EXERCISE: Look through the listing below for the line containing "JAMS Canada - Jeanette". Copy it and each line after it up to and including the line containing "KONNWEI bt battery tester highly accurate", exactly, leaving out pictures.

RECORD EXCERPTS:
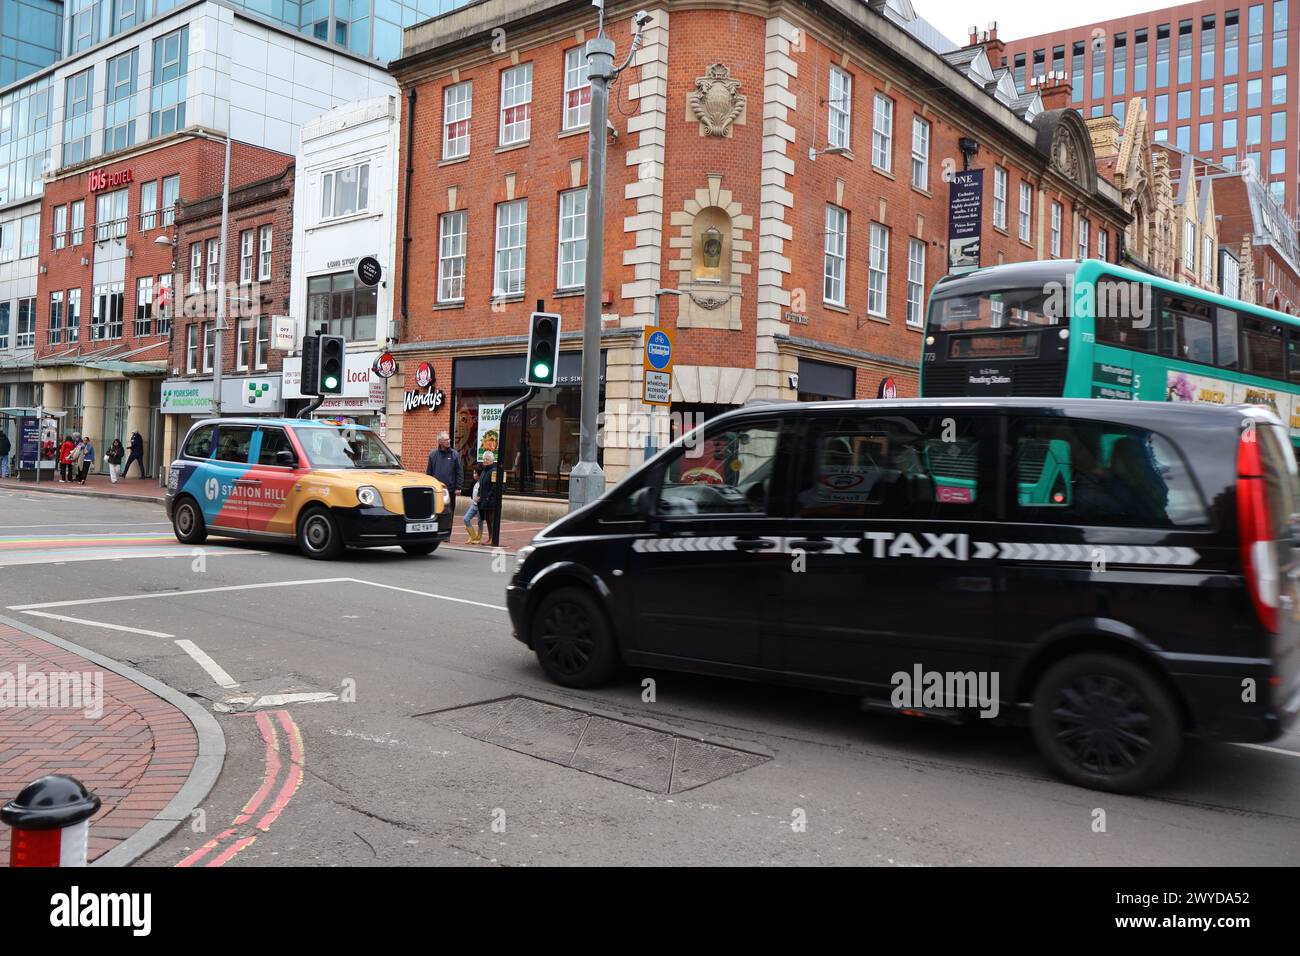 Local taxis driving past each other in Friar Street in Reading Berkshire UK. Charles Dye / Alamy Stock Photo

---

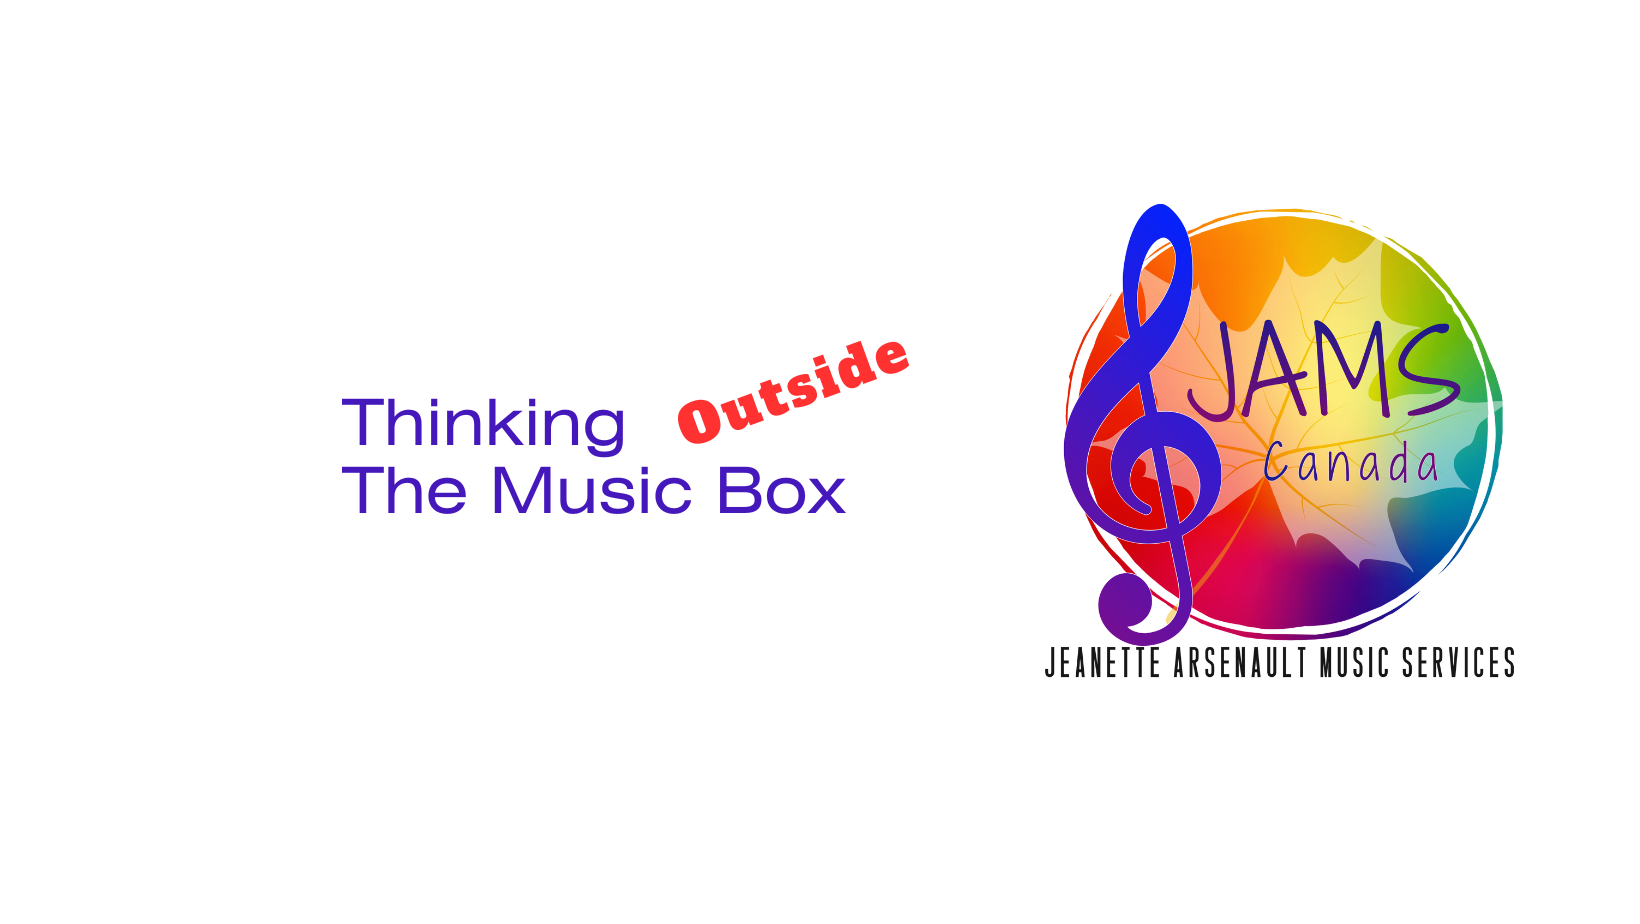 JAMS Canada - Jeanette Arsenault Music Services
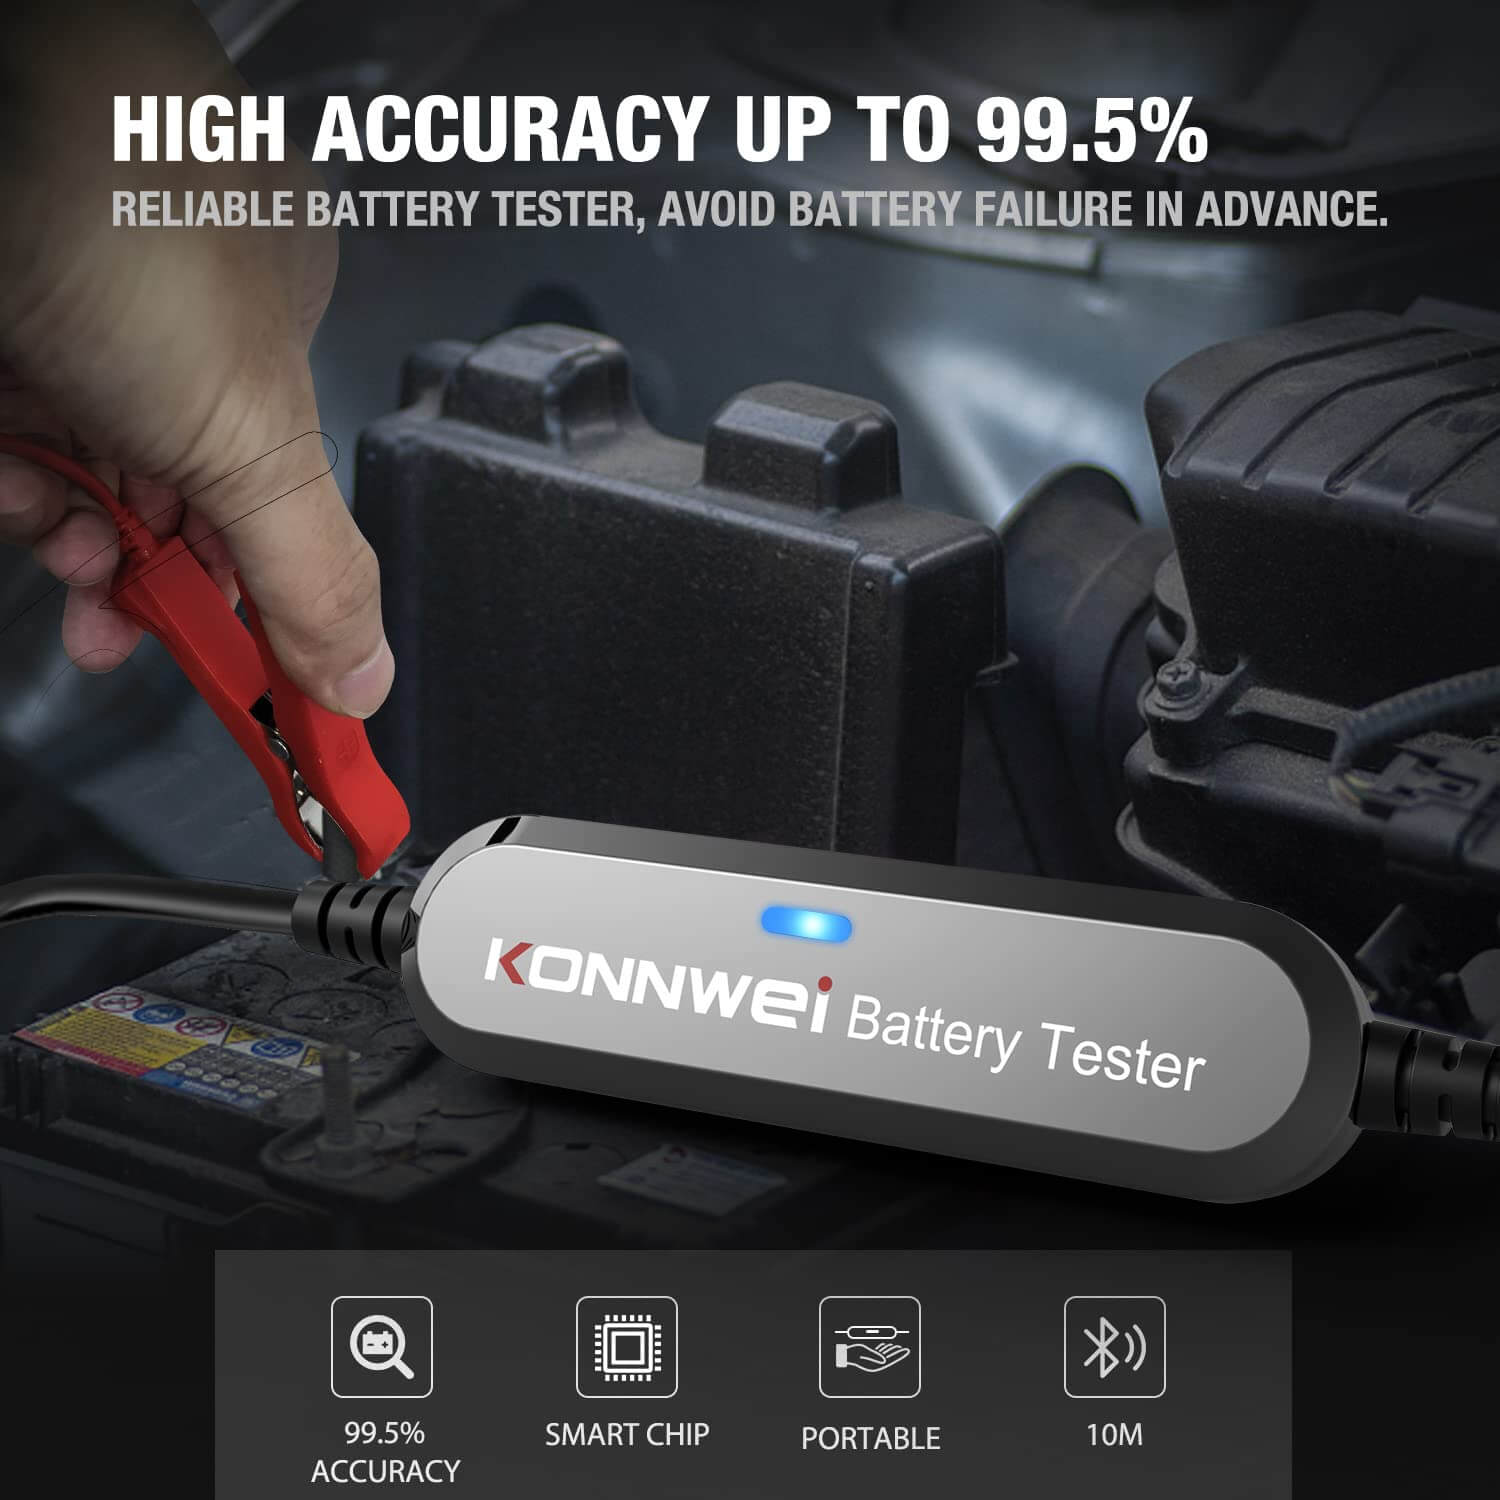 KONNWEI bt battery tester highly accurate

RESPONSE:
 JAMS Canada - Jeanette Arsenault Music Services
 KONNWEI bt battery tester highly accurate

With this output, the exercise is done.